Hurdler and Olympian Rod Milburn competed on the tour several years and beat Lance Babb in ITA's final competition. Milburn held the professional record in the sprint hurdles at 13.0.

==Rivalries==
The ITA spectators were promised the renewal of popular track and field rivalries of the day that would lead to new record performances. The rivalry between Bob Seagren and Steve Smith in the pole vault was added extra spice by their well-known personal animosity. Jim Ryun versus Kip Keino in the 1500 m/mile was another such rivalry, though it was restricted solely to the athletic competition in their case. However, injury and a lack of form for Ryan and Keino's retirement meant that Ben Jipcho would domininate the event. This became typical of many other events where there was less and less meaningful competition.

==End==
The ITA successfully delivered 51 meets during its existence watched by 500,000 spectators and 300 million television viewers. However, the venture struggled from organizational difficulties as well as spotty participation from its star athletes.

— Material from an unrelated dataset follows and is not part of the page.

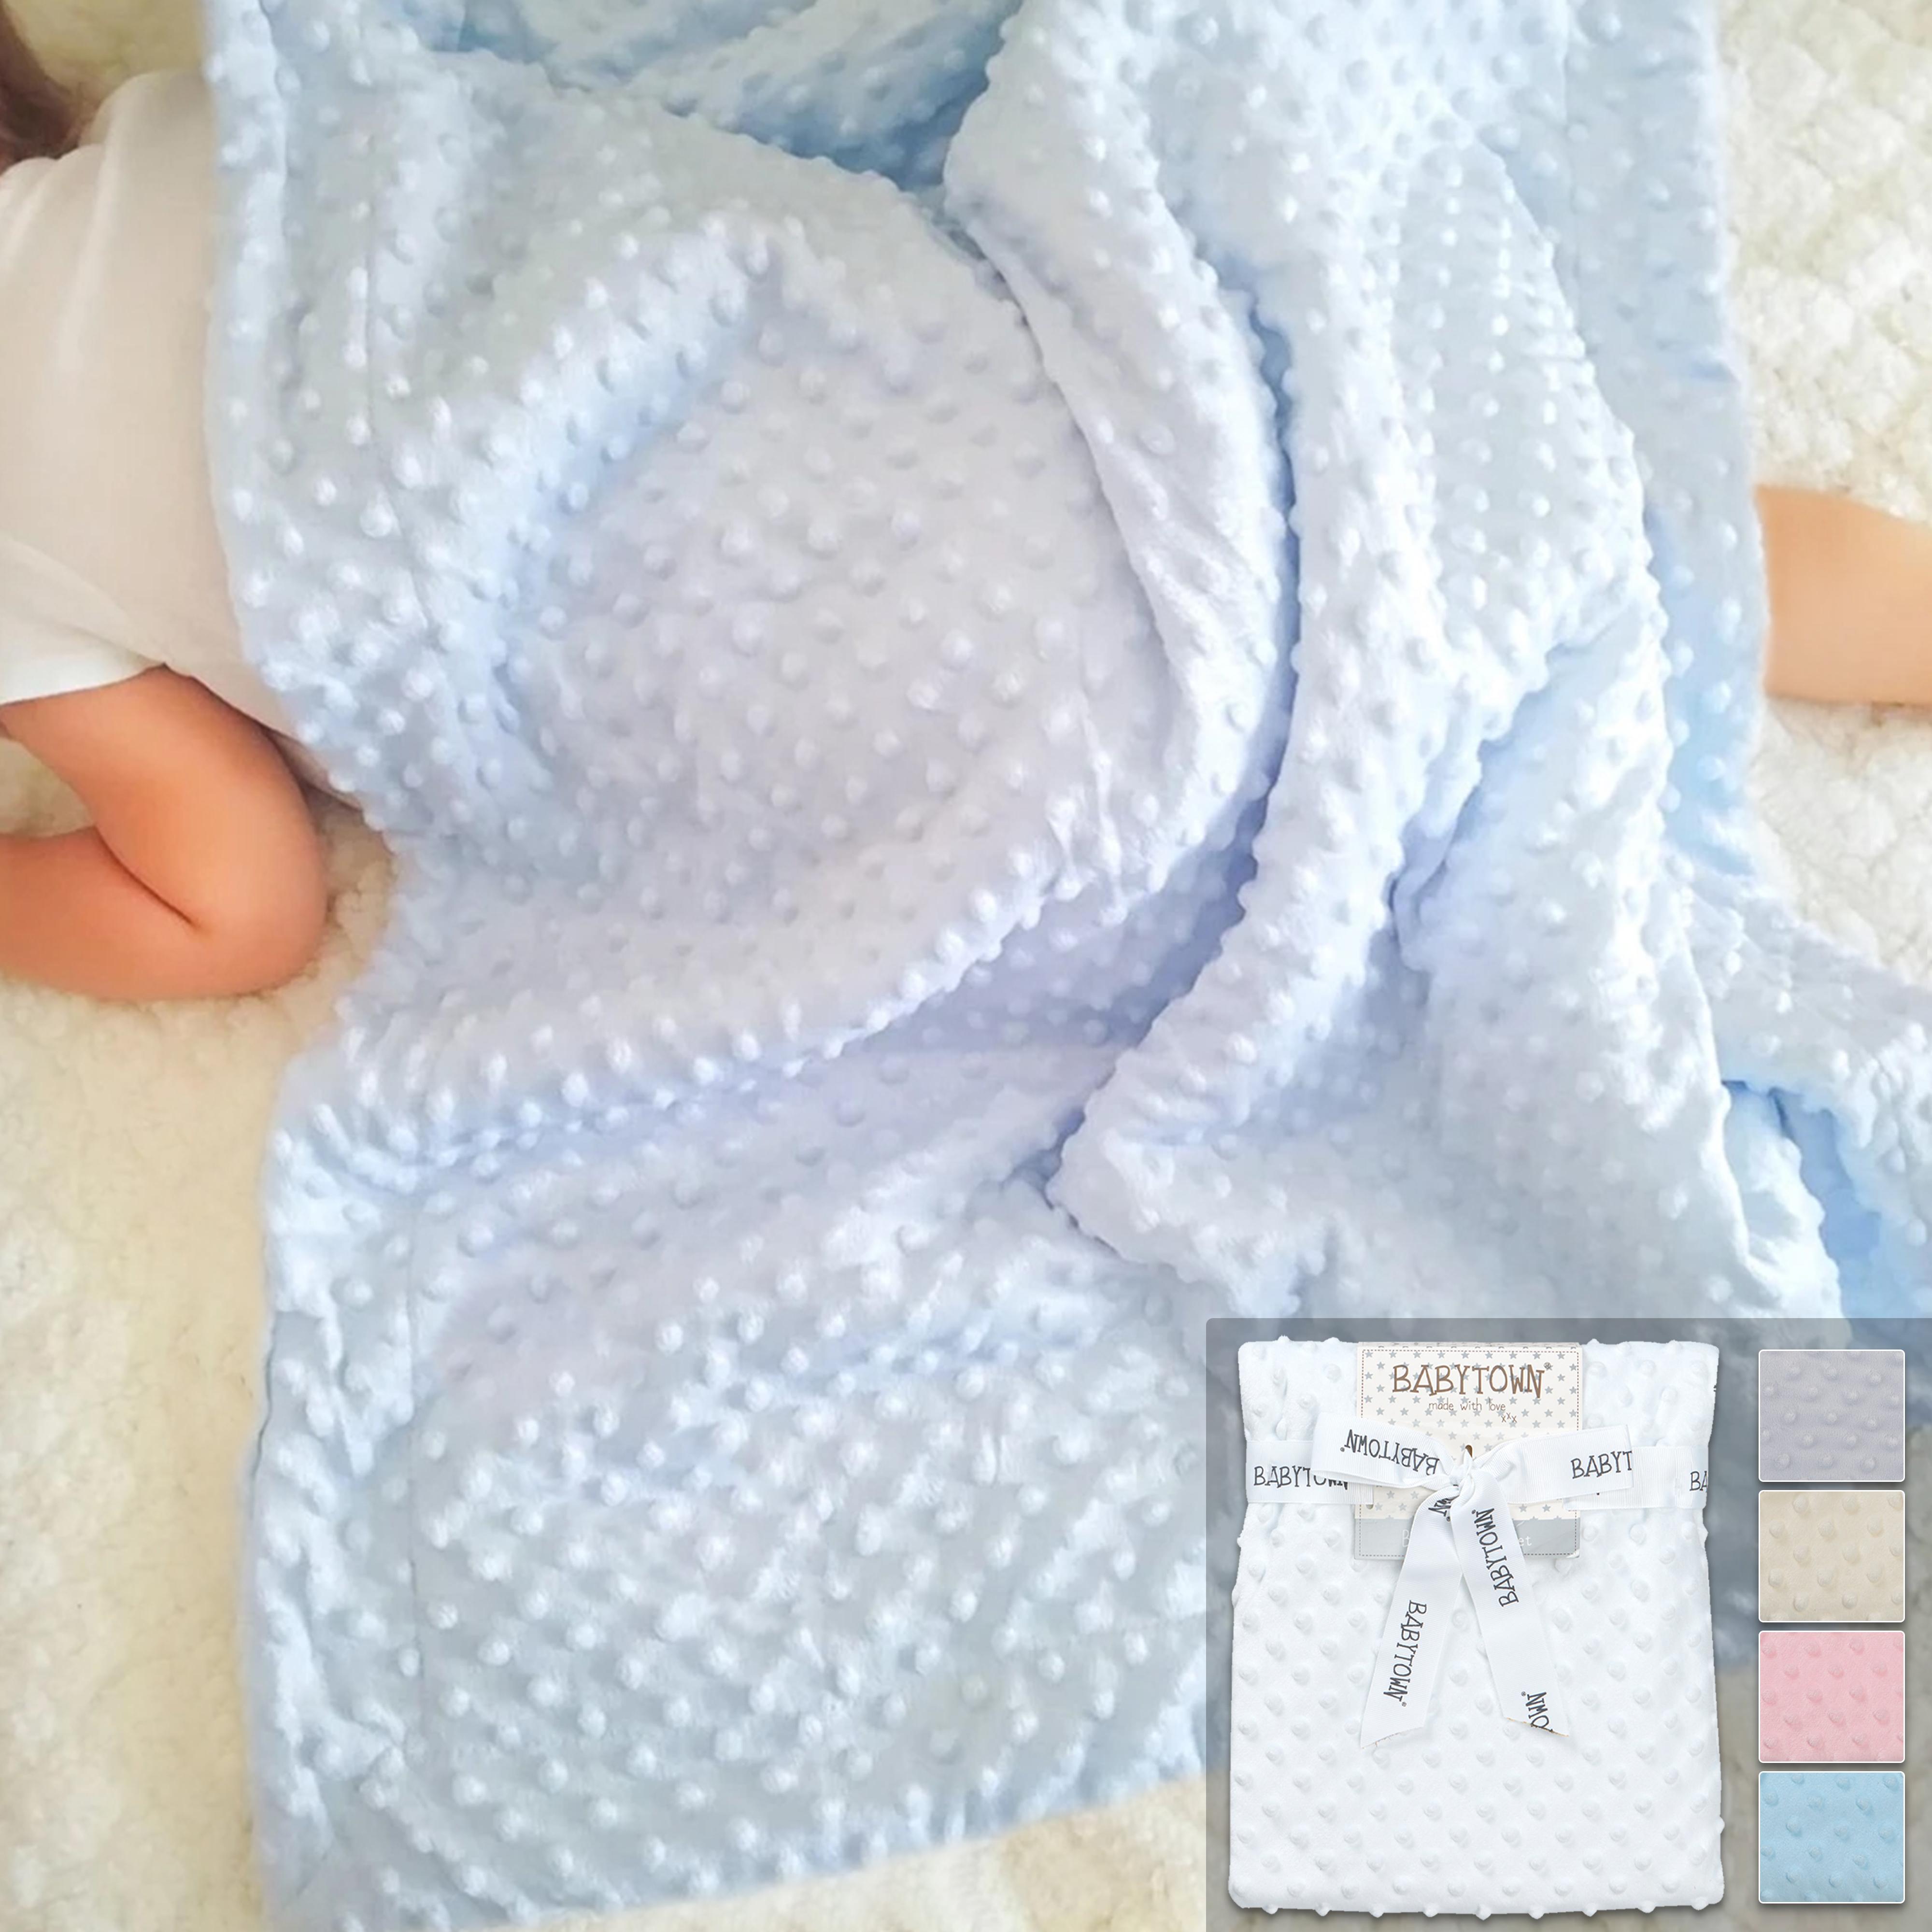 BABY SOFT FLEECE BLANKET NEWBORN CRIB PRAM INFANT 70x70cm BOY GIRL 3 COLOURS

Ultimately, the ITA suffered because it could not attract enough television money and the money received through ticket sales was not enough to sustain it. Television companies had been reluctant to support the ITA because of their wish not to offend the AAU and not to be seen to damage American chances at the next Olympics.

The death knell came at the end of 1976 when the ITA was unable to sign any new stars after the Montreal Olympics. A particular blow was the failure to sign three New Zealand middle-distance running stars, John Walker, Dick Quax and Rod Dixon.

Athletes had become more reluctant to turn professional when it became clear that they could often earn more from under-the-table payments when competing at so-called amateur meets than they could from money earned openly at the ITA meets. For example, the high jumper Dwight Stones is quoted as saying in explanation of why he would not sign, "Why take a cut in salary?"

The final ITA meet occurred on August 25, 1976, in Gresham, Oregon. The final three meets of the 1976 season were cancelled.

==Legacy==
The main legacy of the ITA was the empowerment it gave athletes to challenge the existing shamateurism by forming a framework for the movement that eventually allowed athletes to get paid for their participation in sport.

Many of the ITA's promotional ideas were seen as quirky in their day but are now staples of the World Athletics Diamond League, for example, and include such innovations as prize money and a points-standing system over a season-long tour.

After the ITA's demise, many of the participating athletes sued to regain their "amateur" status in order to continue to participate in the sport. After 1988, the International Olympic Committee voted to allow athletes to be paid for their efforts if this was allowed by the governing bodies of the individual sports, ending the amateur limitation on the Olympics.